Most critical information
systems are legacy software and/or composed of Commercial-Off-The-Shelf
(COTS) components. They are large-scale distributed systems and
consist of hundreds of computers geographically located nationally
or even globally based on wide area networks. Our Guardian project
[2] aims at enhancing the survivability of such
systems to tolerate failures and co-related malicious attacks while
minimizing the modification to the existing systems. The approach
we adopt is characterized by:
- A sensor- and actuator-driven control system framework. To minimize
the modification of existing systems and provide flexible and
relatively application independent survivability management, a
control system framework is adopted (Figure 1). It consists of
two major parts: sensor/actuator and control system. Sensors collect
failure, attack, performance, and other information about the
critical systems, and actuators execute functions to exert control
over the critical system to change its operation. The control
system obtains the required information from sensors, makes decisions
based on the survivability requirements of the system, and notifies
the actuators to do them. Sensors and actuators are implemented
as shells for the existing systems, requiring minimal modification.
A shell is a layer of software that logically surrounds a software
artifact and either enforces some useful predicates on the state
of system of which the artifact is a component or supplements
the functionality of the artifact in some crucial way.
Figure 1. System framework.
- Survivability Specification. Critical systems are viewed and
analyzed from service perspectives, and the services are classified
quantitatively based on their inter-dependence and criticality
to the whole functions of the system. Failures and attacks are
assessed based on their kind, number of simultaneous occurrences,
and the places where they occur. The survivability requirements
are expressed in a set of predicates which indicate under what
sort of failures/attacks which services should be survived.

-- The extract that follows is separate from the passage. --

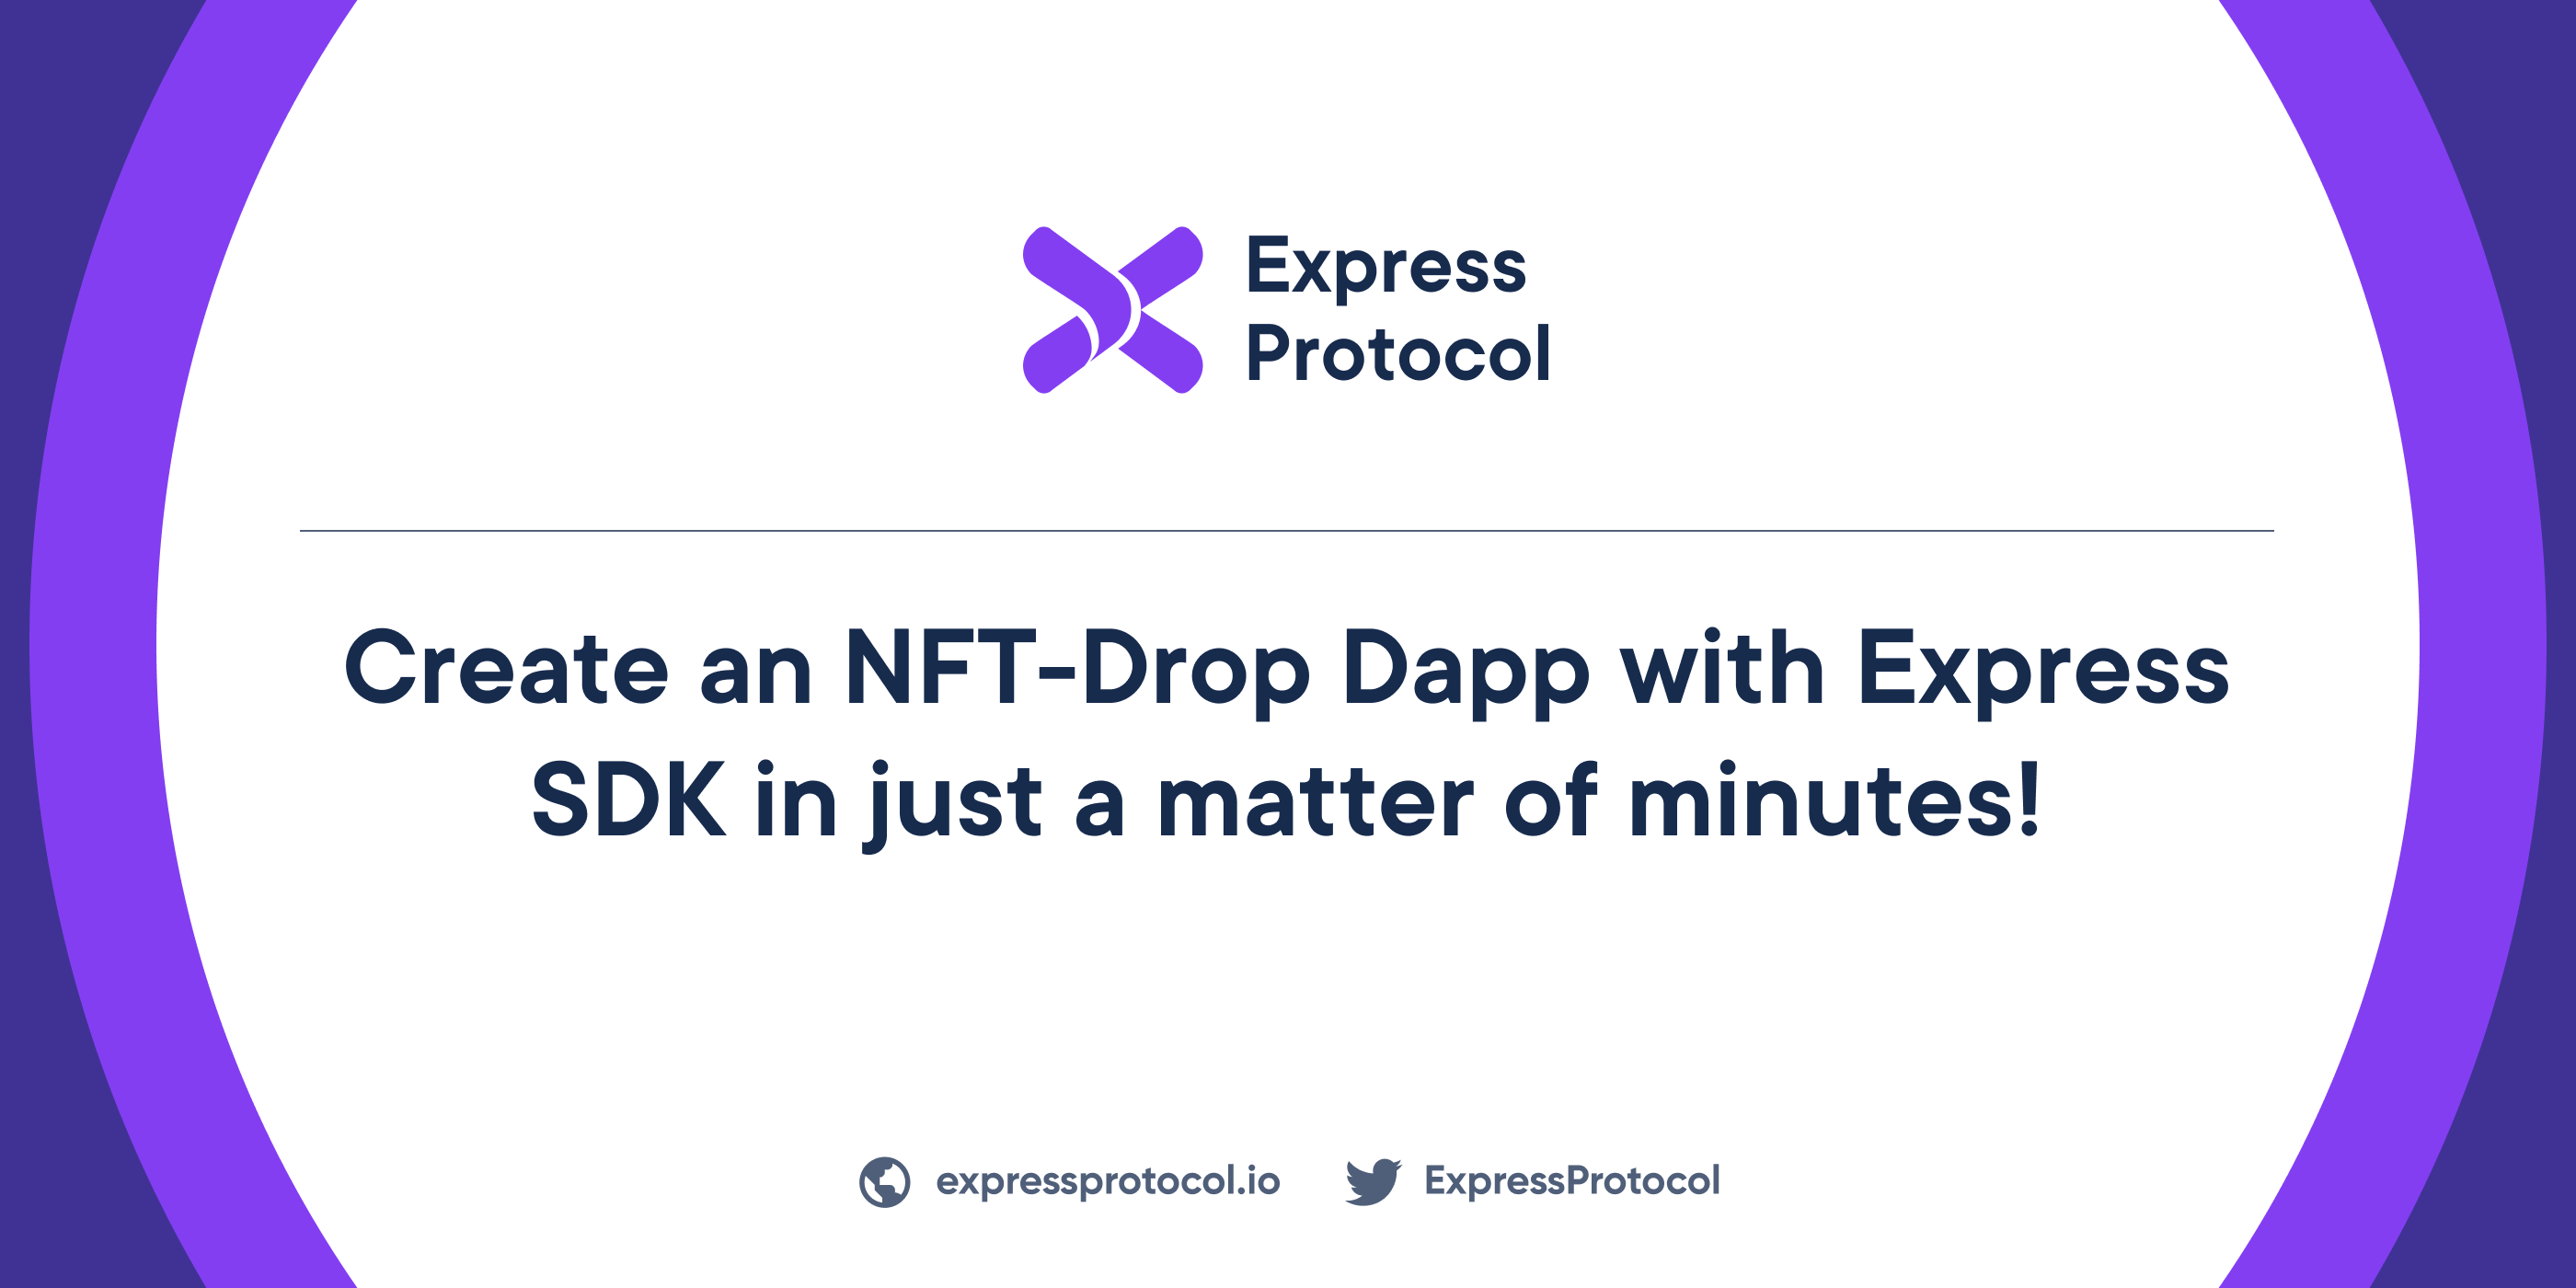 Create an NFT-Drop Dapp with Express SDK in

- Adaptive and dynamic service survivability management. Survivability
management is the process that keeps meeting the survivability
requirements in the face of changes in the system. The process
is composed of four phases: (1) Change Detection. It detects changes
(e.g. failures and attacks) that have happened in the system.
(2) Damage Assessment. It assesses the damage caused by the changes.
(3) System Adjustment. It isolates the failed services, activates
queuing mechanisms to buffer services requests directed to these
failed services, and slows down the whole system processing pace
in order to provide sufficient time for the next step to work
before the whole system crashes. (4) System Restoration and Adaptation.
Based on the damage to the system and applications, and the availability
of system resources, the control system decides if the damaged
services could be restored or the whole services may be reduced.
It determines which functions will be continued to provide, and
switches the application from one design configuration to another
according to the survivability requirements. Based on the history
of changes happened in the system, it changes the design configurations
of services adaptively to provide more survivability under a given
number of system resources. The adaptation is reflected in another
perspective as well: The above four phases may be used adaptively
for different services based on the criticality of the failed
services.
- Security issues. Secure control systems and sensors/actuators
are a critical issue that we address. A new vulnerability should
not be introduced with the presence of the control system framework.
The control system adopts a hierarchical distributed structure
to avoid single node failure and improve system performance. Authentication
is employed to identify control system components and the data
transferred between them is secured by encryption/decryption.
Control systems are running on separate computers, but the sensor/actuator
should reside with the application on the same machine. We are
investigating methods to secure the sensor/actuator in such an
environment.
There are many research
challenges involved, which include, for example:
(1) Generation of control systems from specifications,
(2) Scalability of control system architectures, and
(3) High assurance systems on the Internet.
We are now studying
the features of critical information systems, analyzing the feasibility
of the approach, proposing a systematic way to use the approach,
and applying it in a prototype system. The prototype system emulates
the payment system of the US banking system, whose survivability
is enhanced by our control system and sensor/actuator framework.
Even though its functions are limited, it shows the potential of
the approach, and provides a testbed for significant follow- on
research.
References
[1]
J. C. Knight, M. C. Elder, J. Flinn, and P. Marx, Summaries
of Three Critical Infrastructure Applications, Technical Report
CS-97-27, Department of Computer Science, University of Virginia,
December 1997.
[2]
J.C. Knight, R. W. Lubinsky, J. McHugh, and K. J. Sullivan, Architectural
Approaches to Information Survivability. Technical Report CS-97-25,
Department of Computer Science, University of Virginia, September
1997.
|